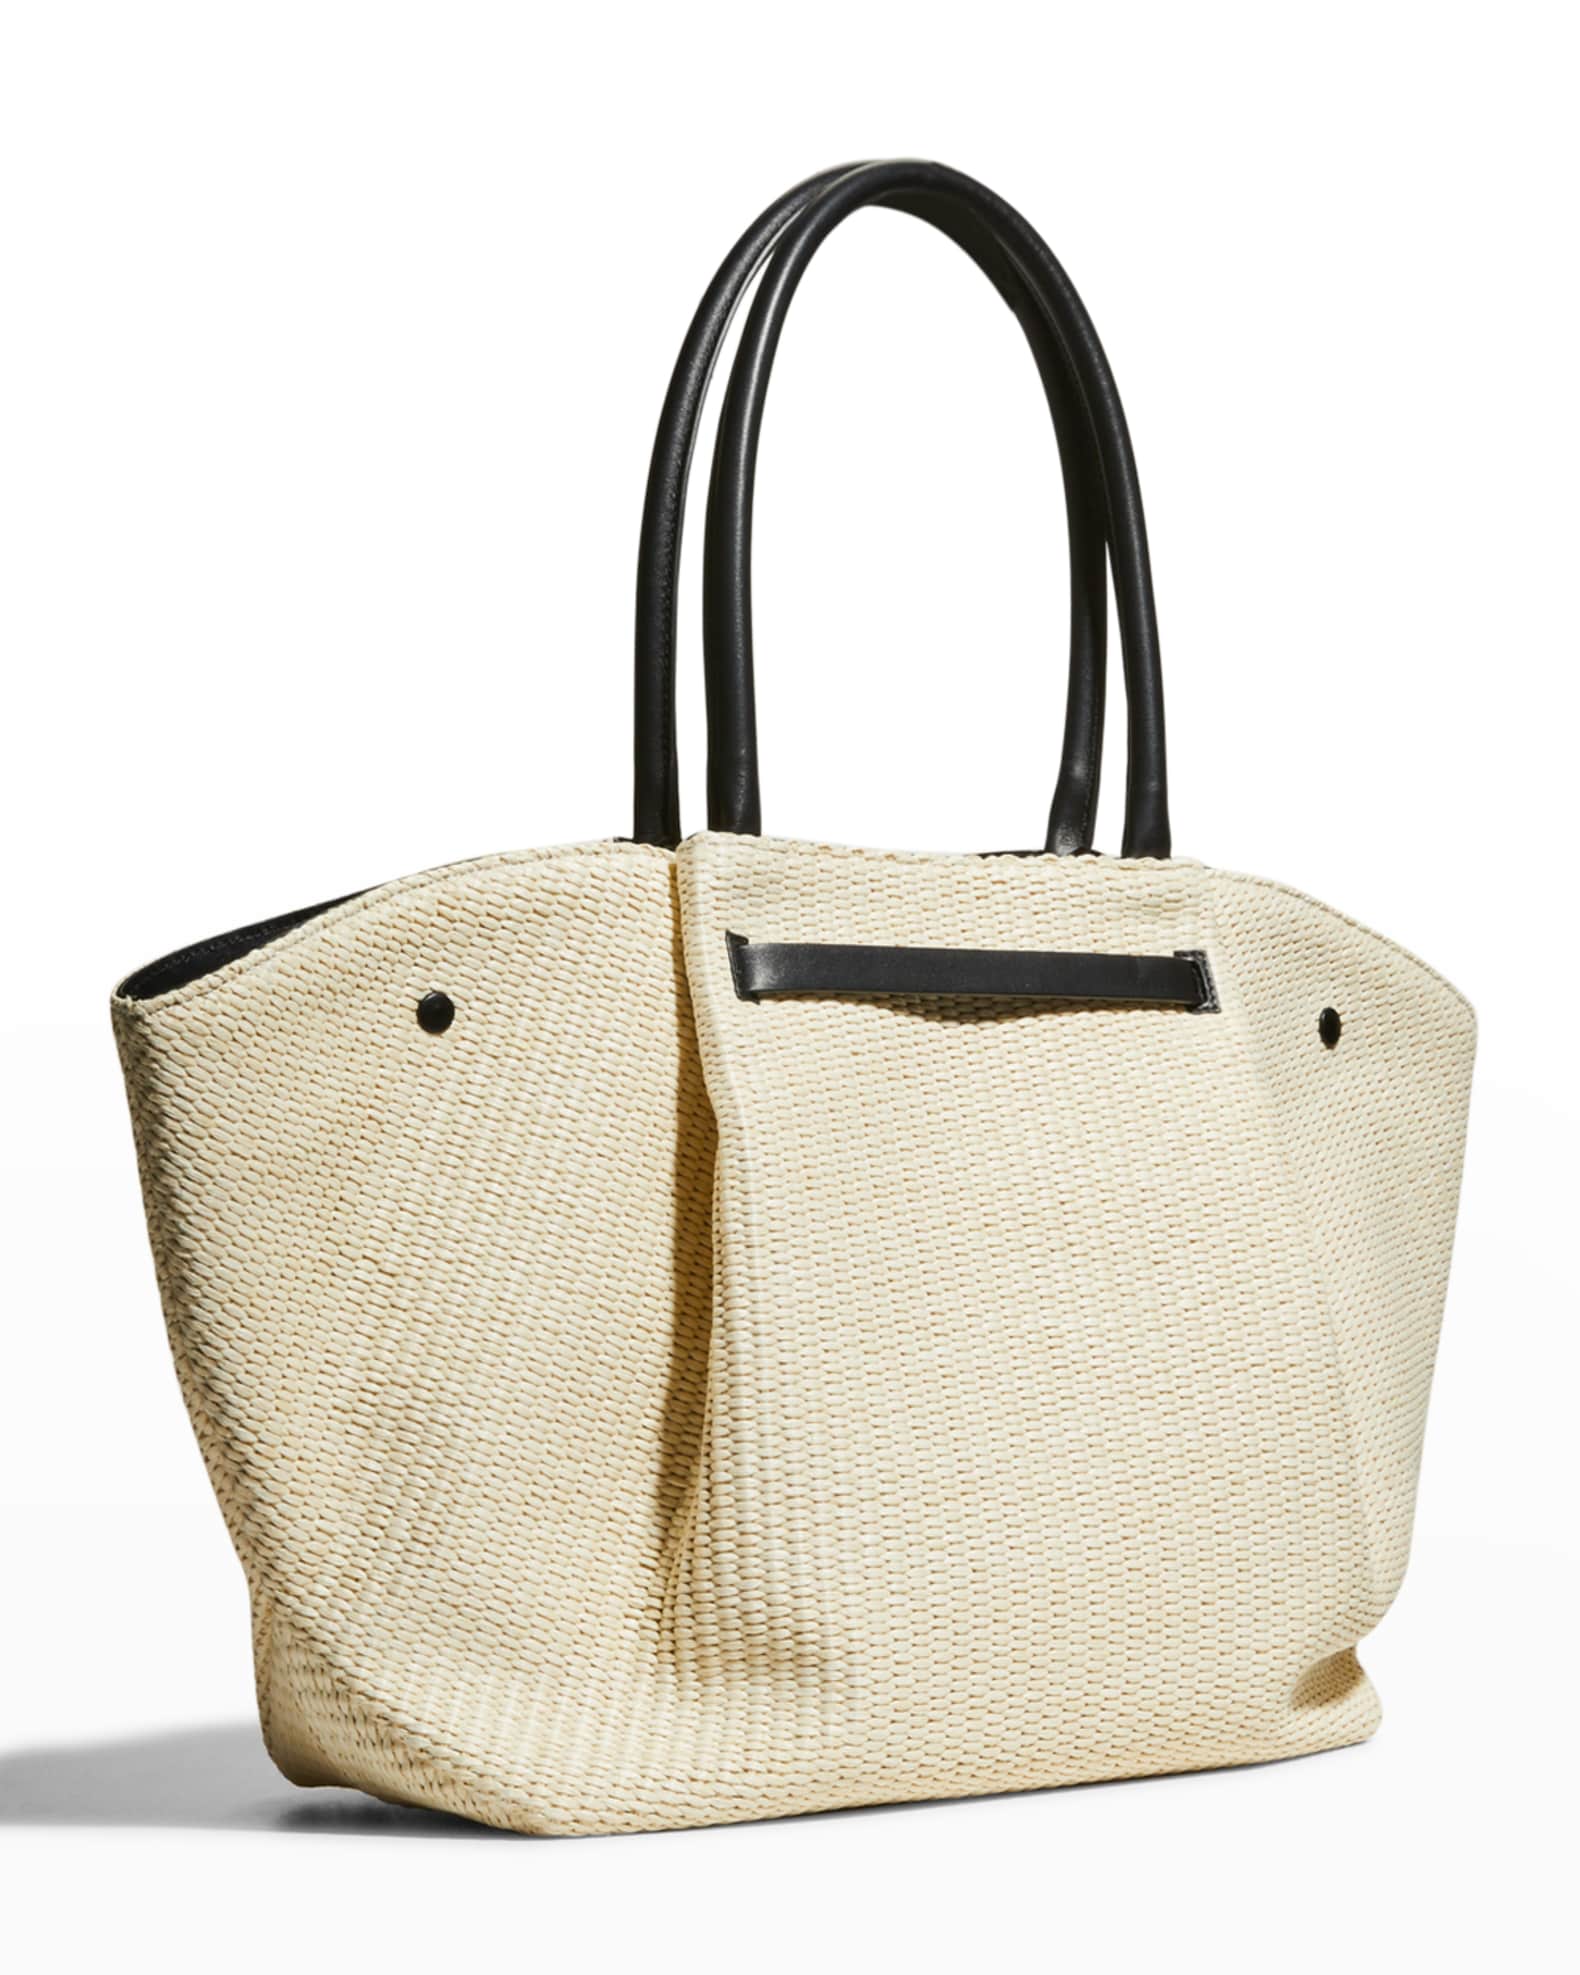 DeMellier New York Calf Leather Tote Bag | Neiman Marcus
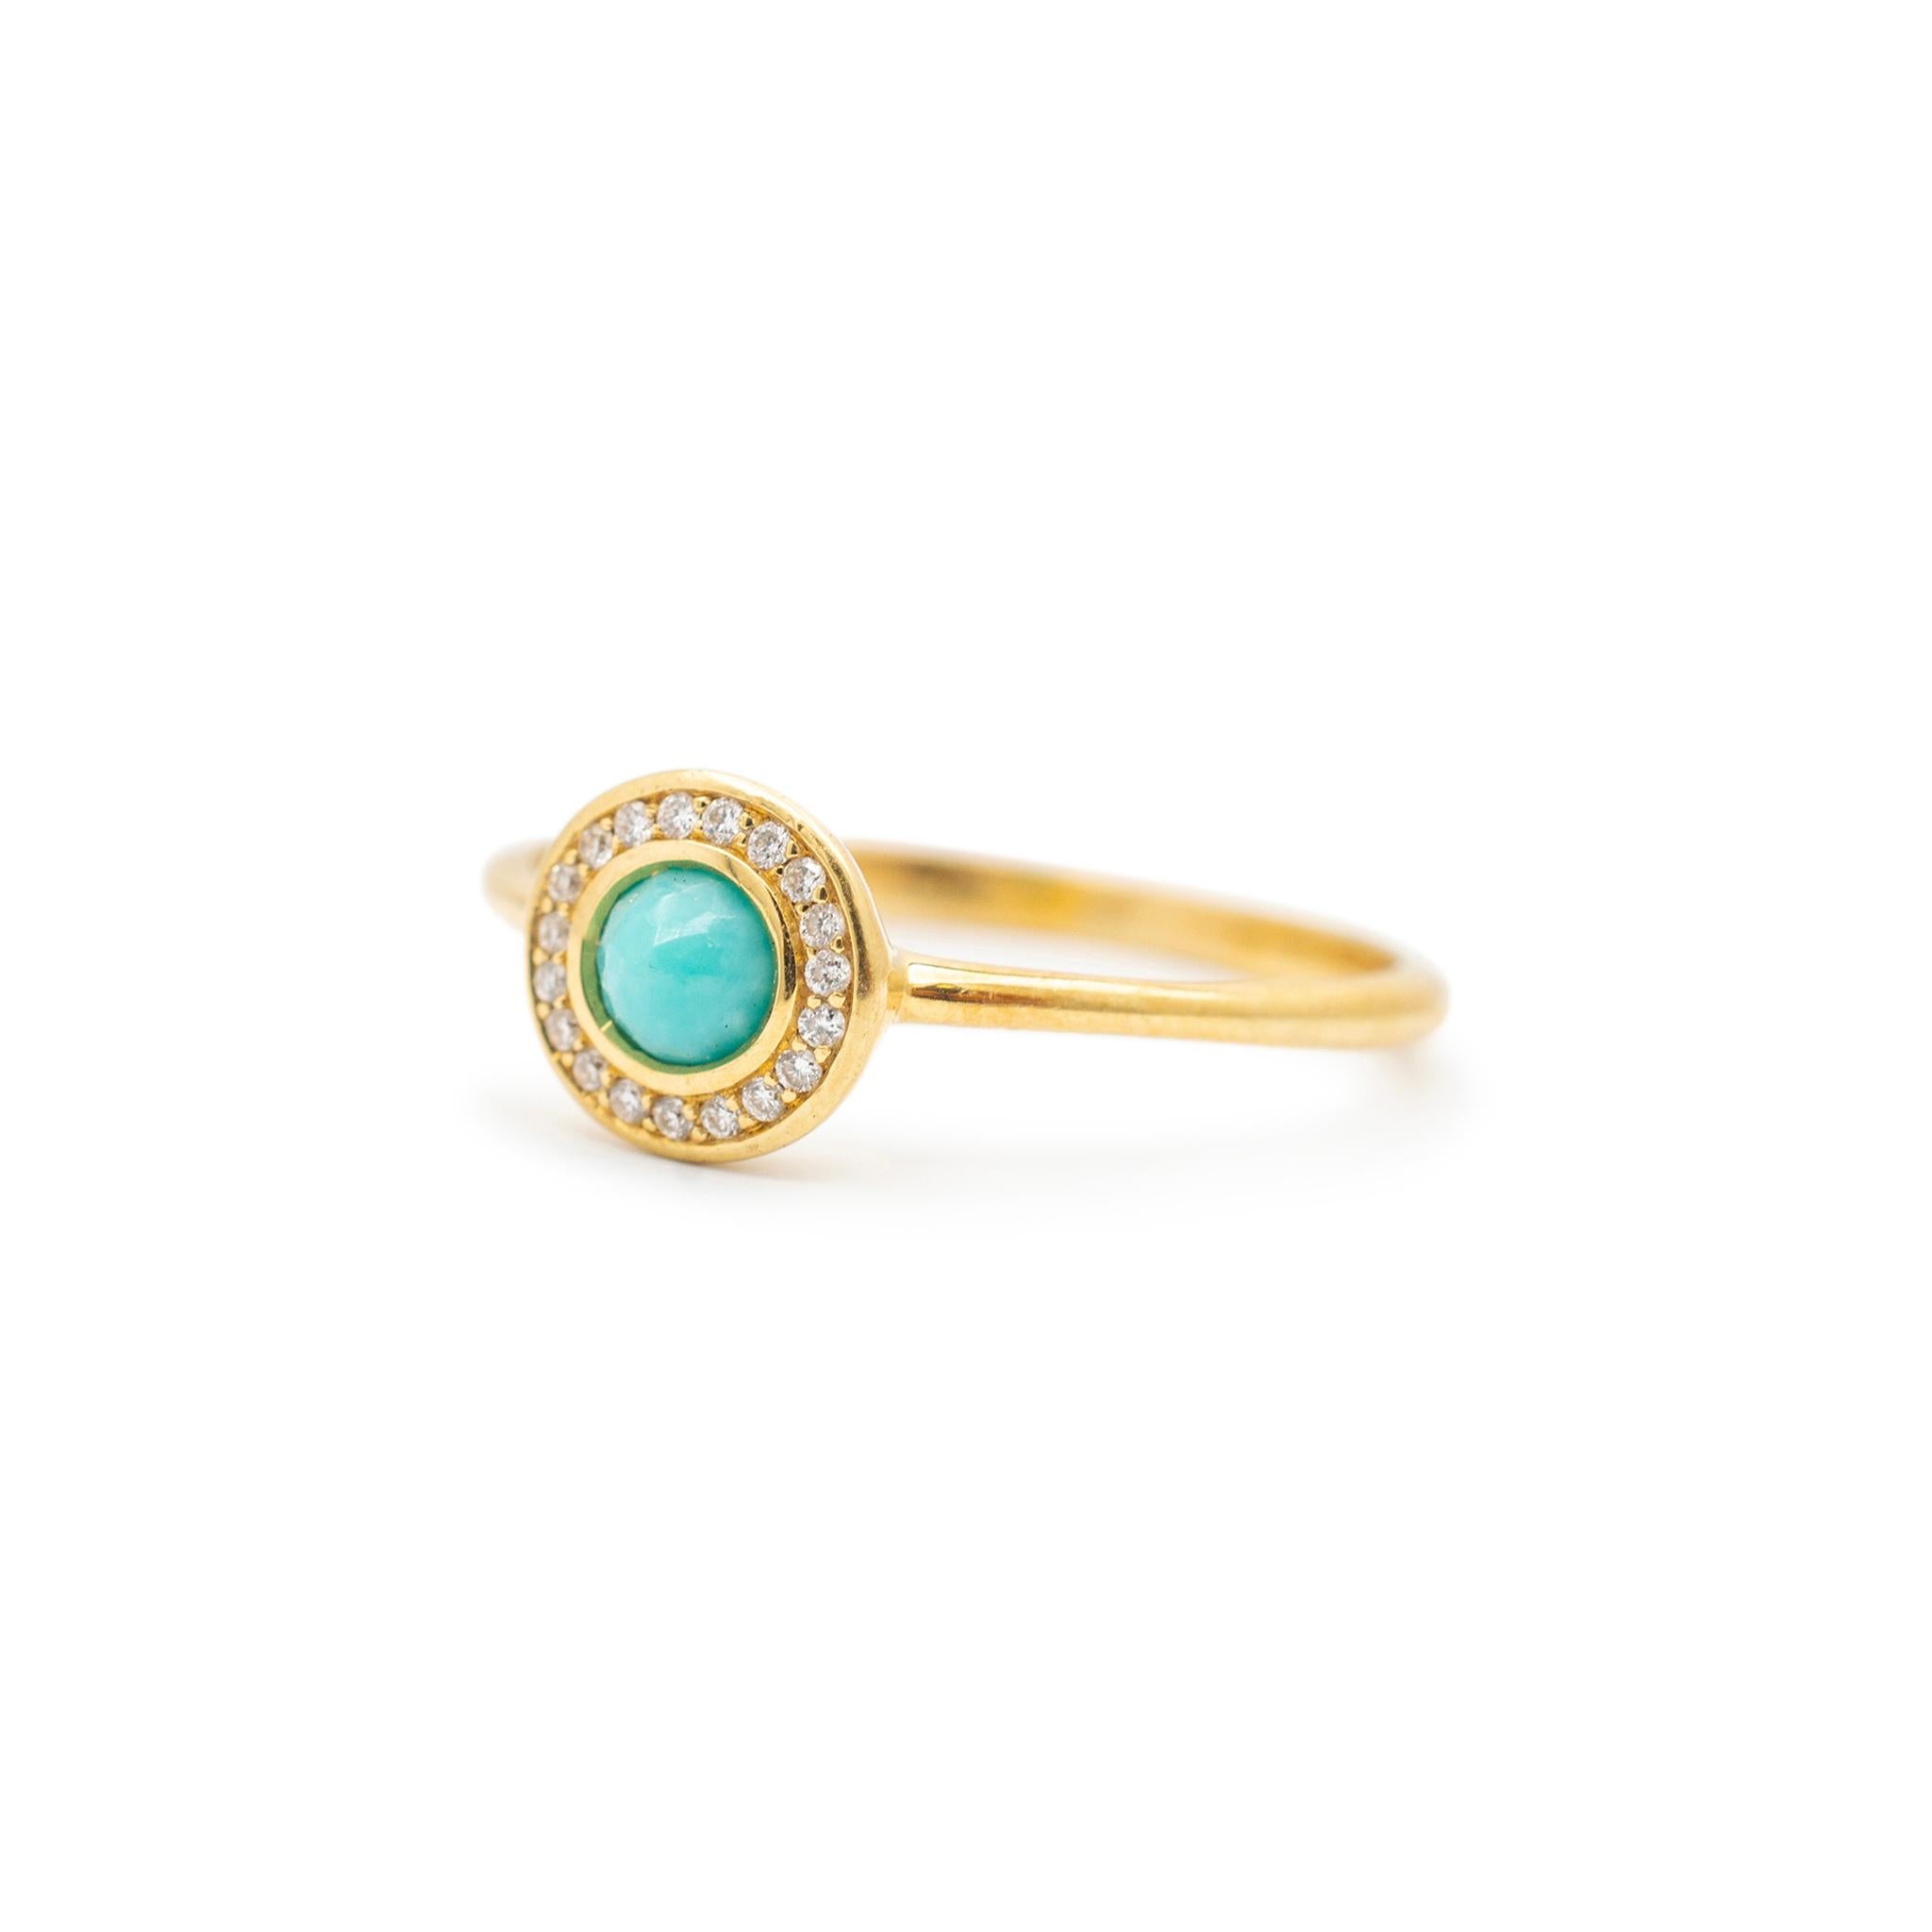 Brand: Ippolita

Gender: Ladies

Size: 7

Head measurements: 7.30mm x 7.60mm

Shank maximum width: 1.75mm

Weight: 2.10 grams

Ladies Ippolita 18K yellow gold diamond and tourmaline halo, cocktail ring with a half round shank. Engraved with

• • • •

Exercise directions:
When you copy the records above, keep every word exact and drop the pictures.

Response:
 DeMellier New York Calf Leather Tote Bag | Neiman Marcus
 Brand: Ippolita

Gender: Ladies

Size: 7

Head measurements: 7.30mm x 7.60mm

Shank maximum width: 1.75mm

Weight: 2.10 grams

Ladies Ippolita 18K yellow gold diamond and tourmaline halo, cocktail ring with a half round shank. Engraved with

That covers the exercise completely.